Provided data:
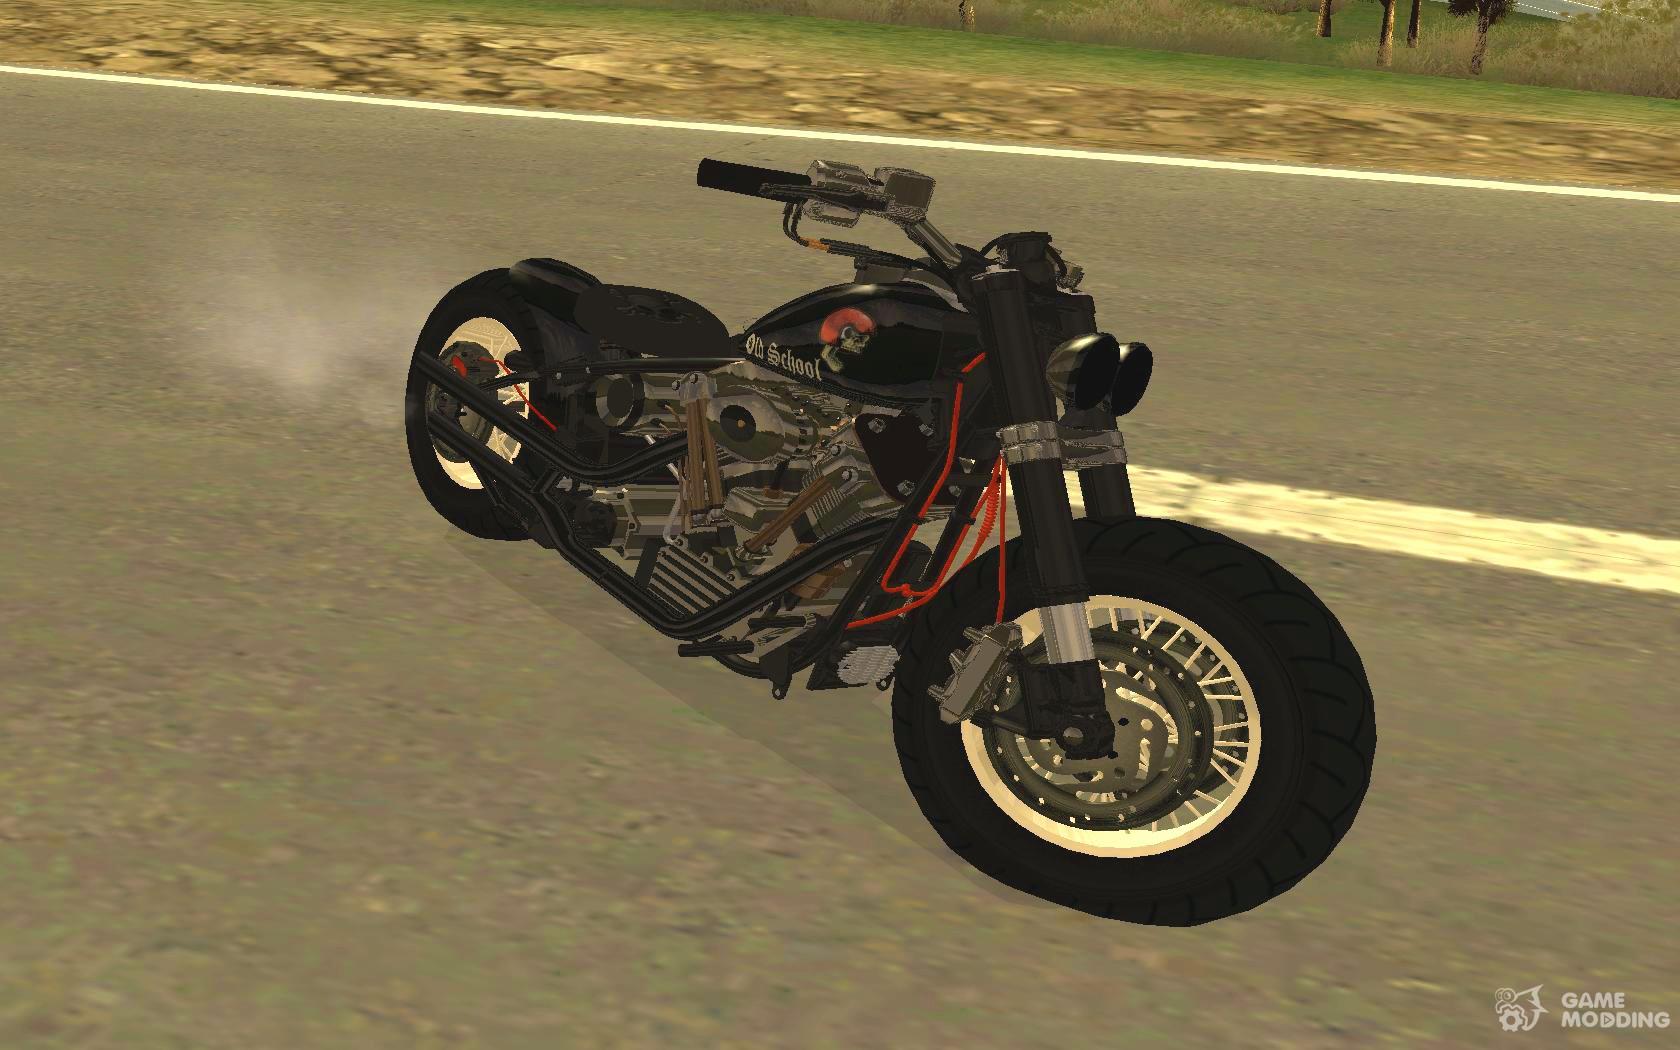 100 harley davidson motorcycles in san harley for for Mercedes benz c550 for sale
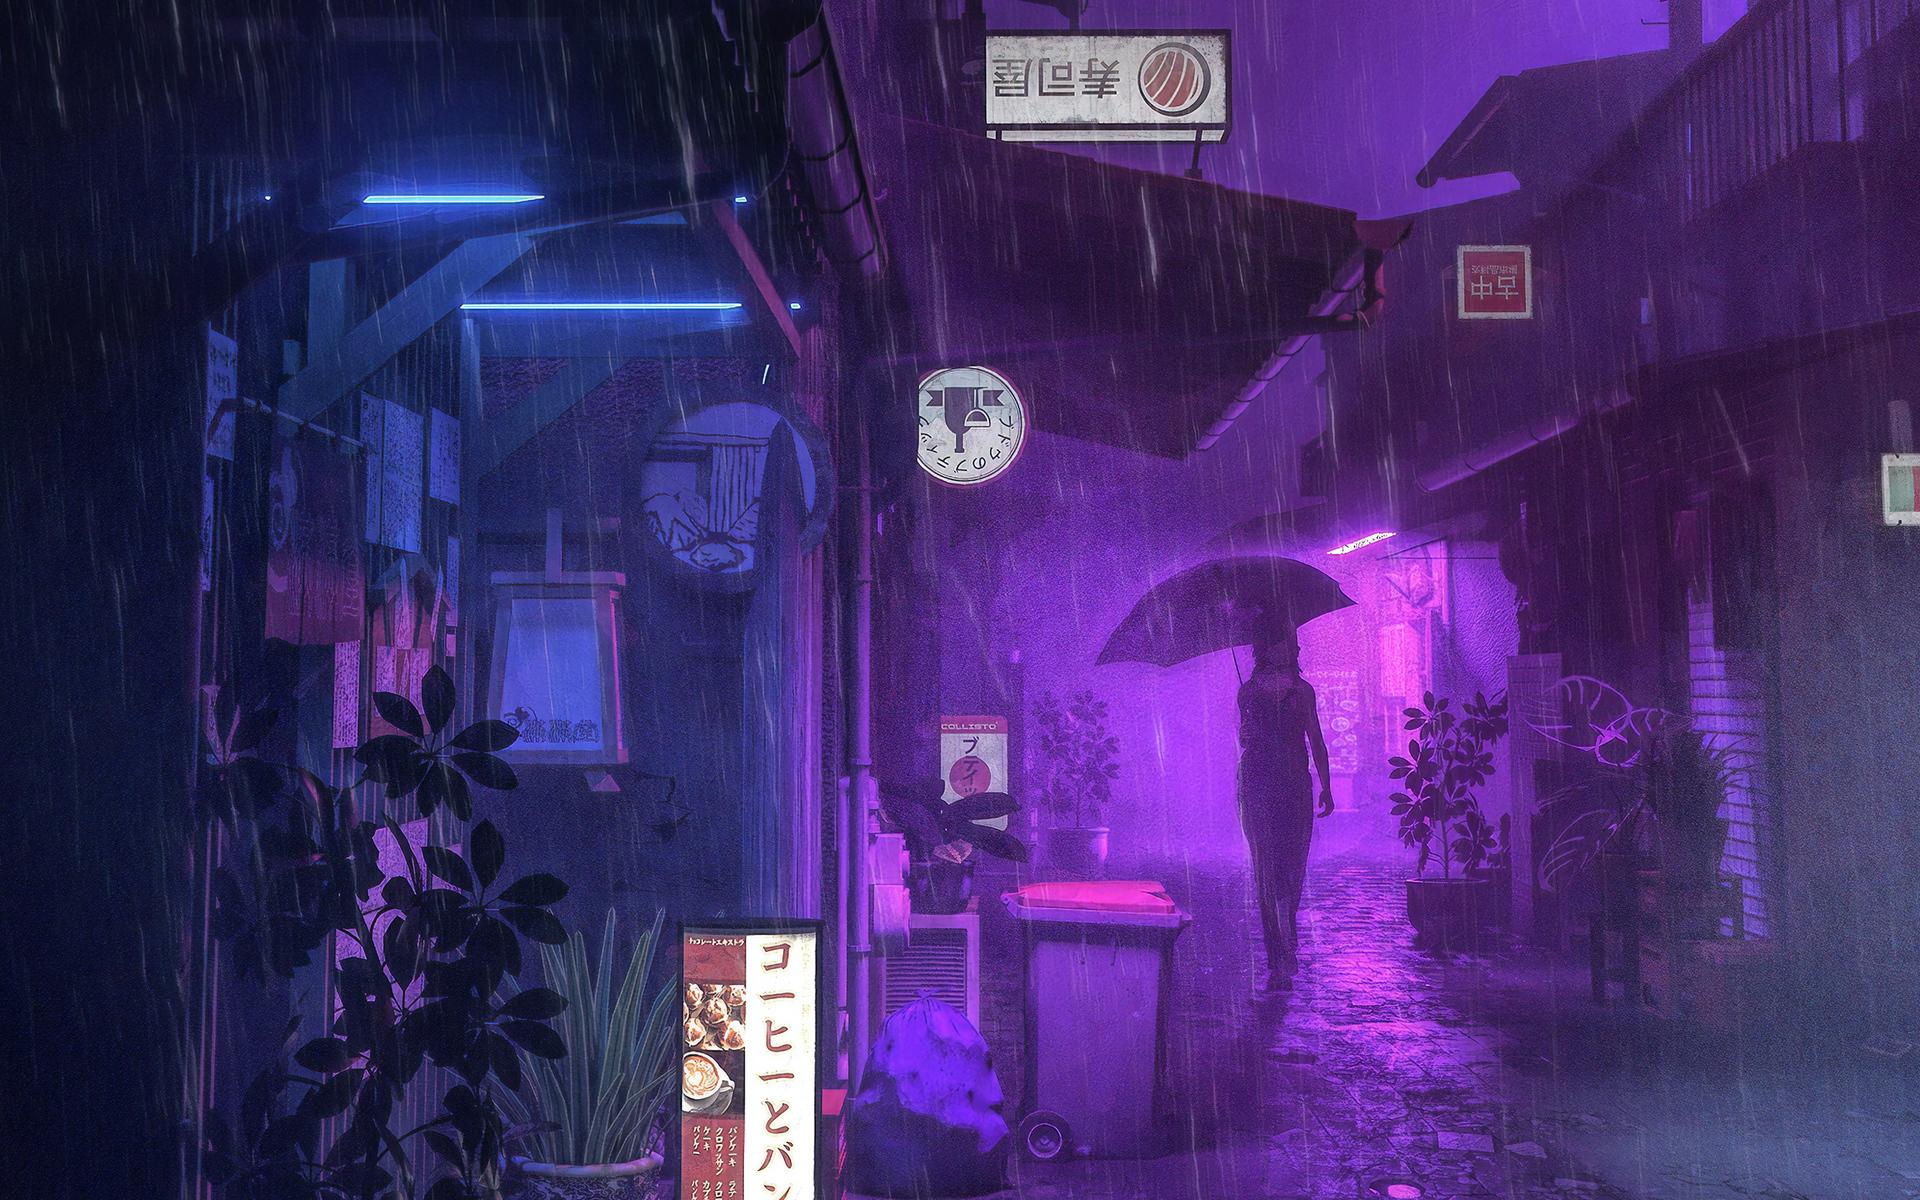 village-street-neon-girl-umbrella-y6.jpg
---
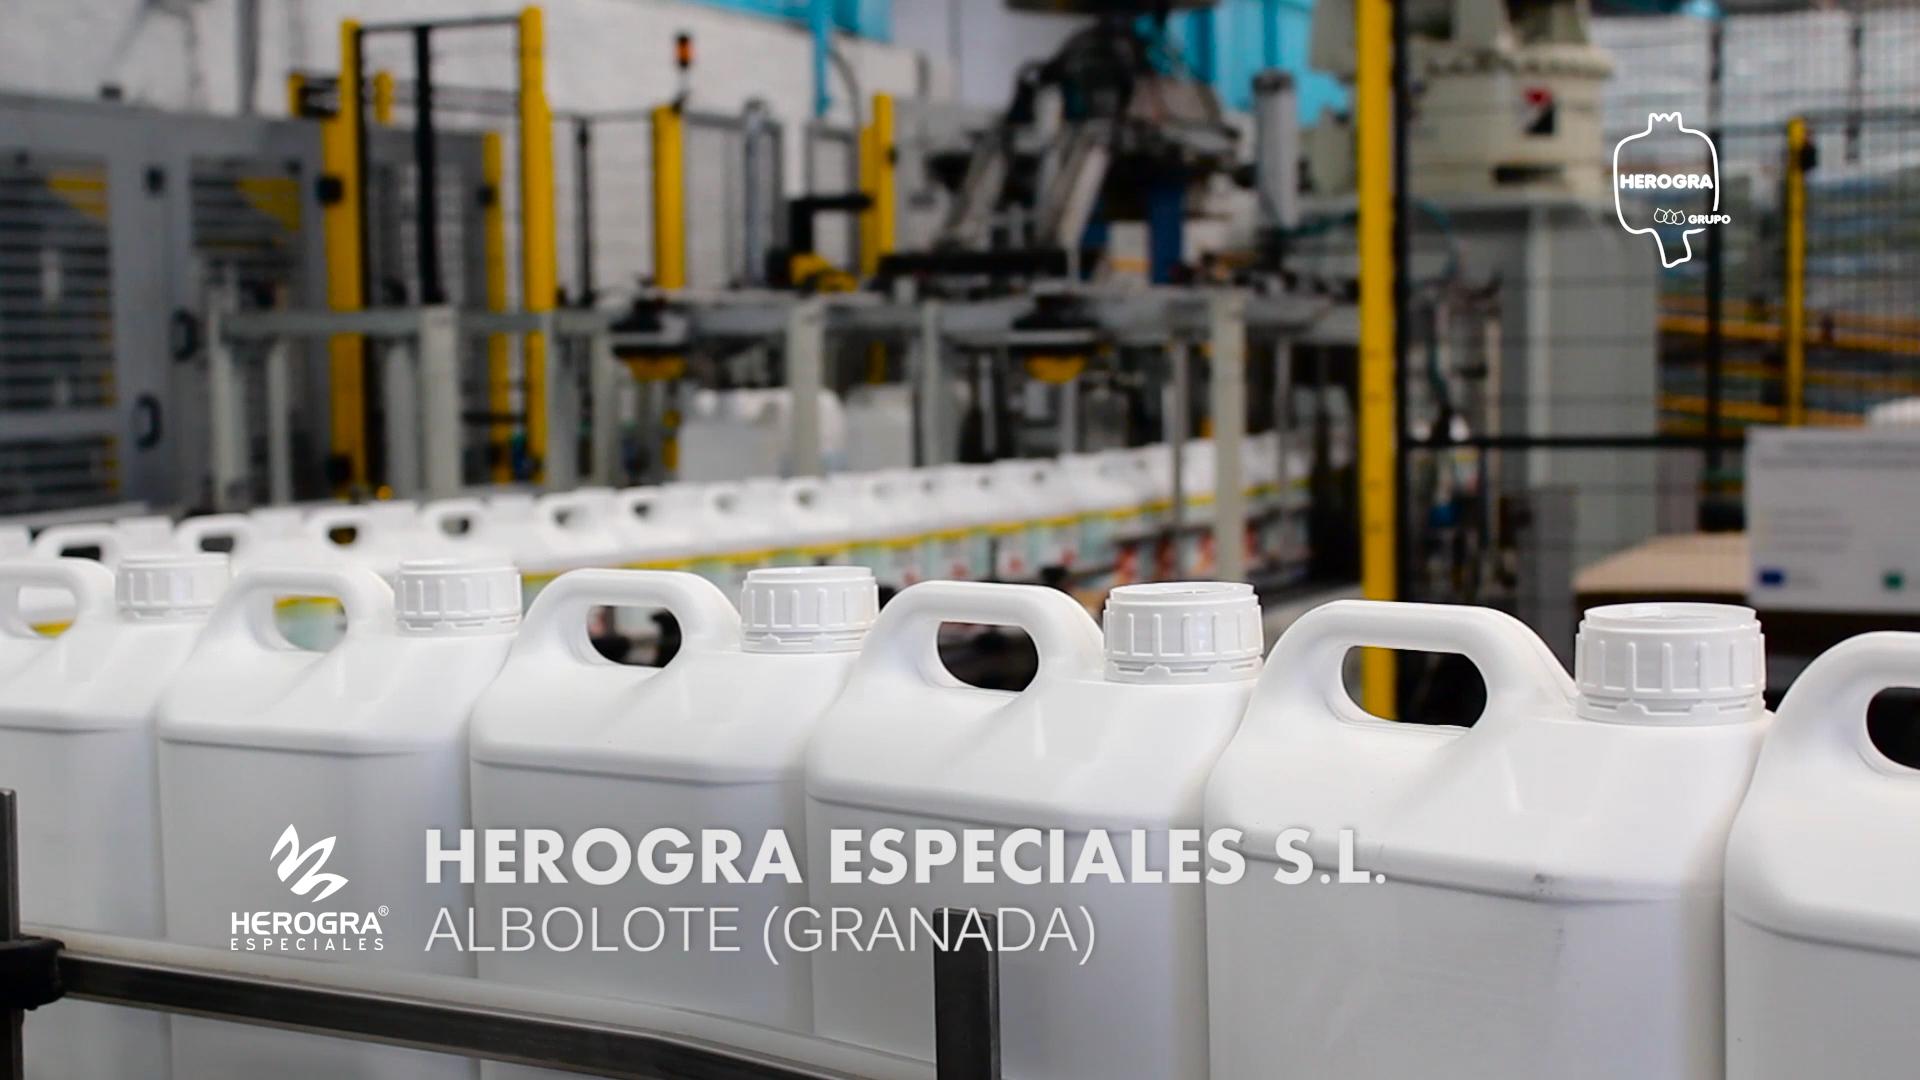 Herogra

Your assignment: Write down exactly what the lines above say, from the line holding "100 harley davidson" through the line holding "village-street-neon-girl-umbrella-y6.jpg", and nothing more. Do not copy the pictures.

Solution for this task:
 100 harley davidson motorcycles in san harley for for Mercedes benz c550 for sale
 village-street-neon-girl-umbrella-y6.jpg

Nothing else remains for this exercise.